I tend to agree with Kingbee. I deal with the most completely non-tech savvy people you can imagine, and I have found that there is simply no replacement for educating people. I agree with Larry that many people don't have the tools to protect themselves, but the "let us worry about that" policy that MS projects actually makes the situation worse.
A small example. I am working on a guy's machine that has become slow and often unresponsive. I find that most of the security settings have been turned off, and he's working with somewhere in the neighborhood of 30 different spyware programs running.
When I ask him about it I get the standard "Ain't that terrible that people do that" look, and he gives me the same excuse I hear over and over. He turns off the security items when he finds that they prevent him from clicking x, opening y, or doing z. I mention the Symantec antivirus product he has and he says "Yeah, that thing keeps popping up all the time, is there any way you can get rid of that too?
I'm not kidding, he said that. I realized then that to him, the security popups, the malware popups, etc., were all the same thing. Annoyances. When he bumped into a malware annoyance, he tried to get rid of it, and when he found that his security was getting in the way, he tried to get rid of it. MS and other folks who make security products tend to build walls around ignorant users, and ignorant users hate nothing if they don't hate a wall.

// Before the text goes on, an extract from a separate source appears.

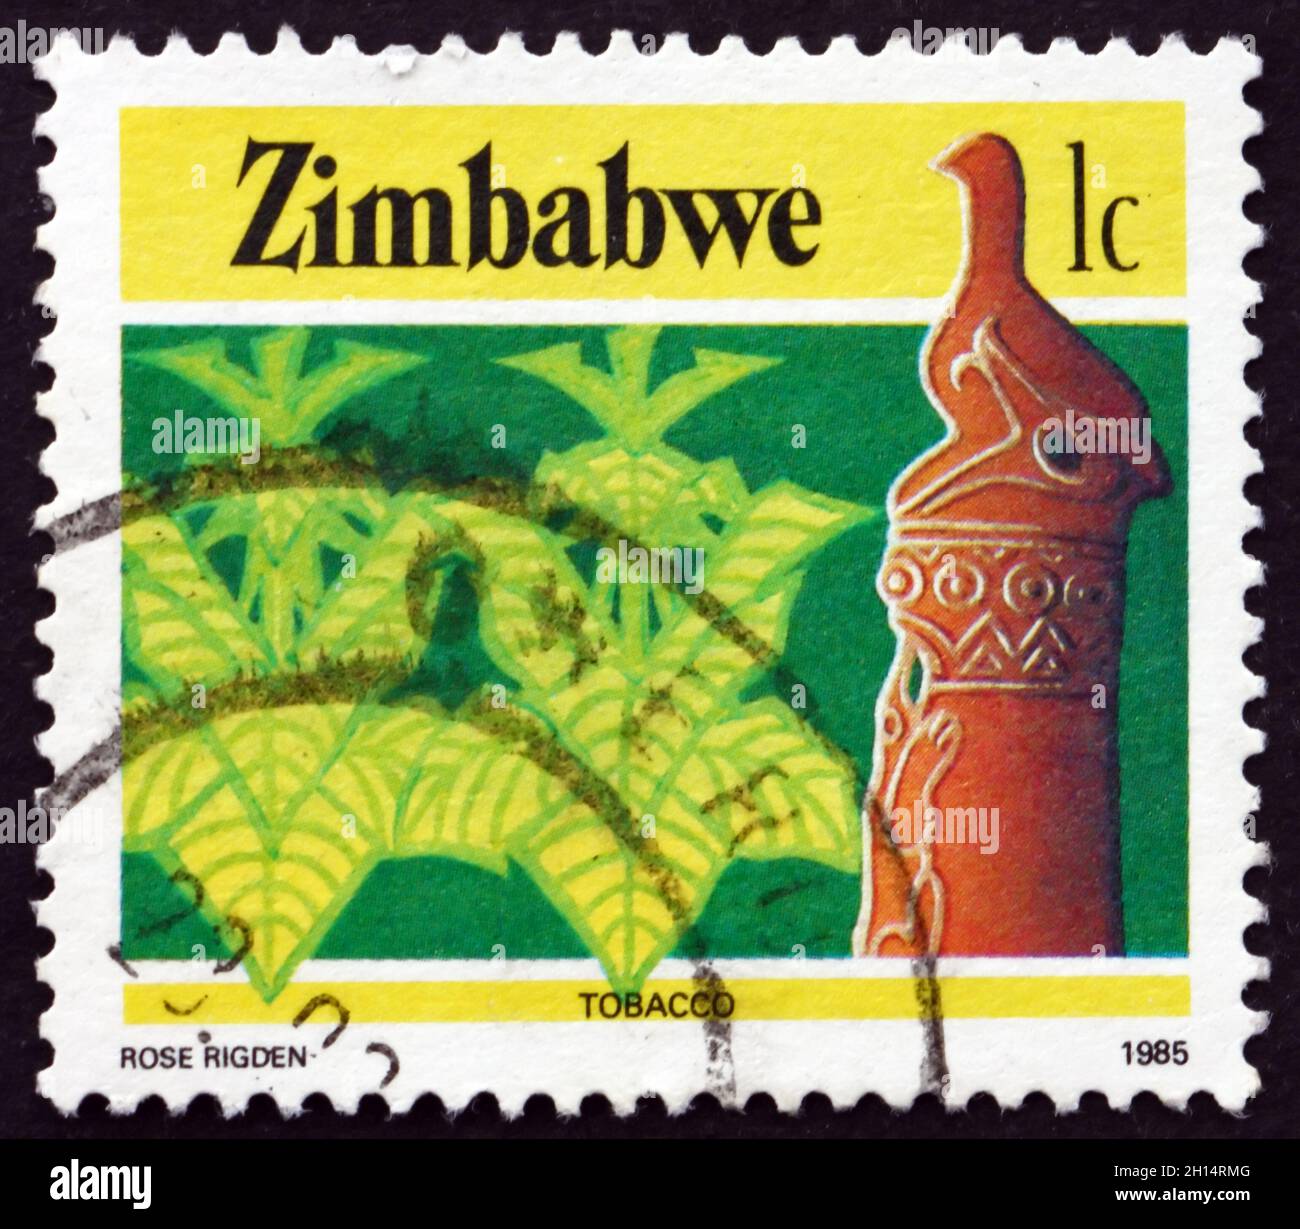 ZIMBABWE - VERS 1985 : un timbre imprimé au Zimbabwe montre l'oiseau et le tabac du Zimbabwe, l'agriculture, vers 1985 Banque D'Images

I can run around a year without any virus checker on my PC before I finally get nailed. With his machine burdened with numerous security programs, I am back at that guy's house once ever 2 or 3 months like clockwork. He's the perfect everyman example of people running compromised PCs. Kingbee's example is very apt, he doesn't know what the extension of the file he's clicking is, because unless I set it to show, he never sees the extension.
I am happy that MS is fixing a lot of their old flaws, and making serious headway into securing their OS. I feel that much of it, though, isn't what it appears to be. As long as they work well, and don't build walls between the user and what they want to do, they'll be fine. WHen they are used to oversee 'ignorant' users without making them understand what is going on, they'll just be considered built-in annoyances.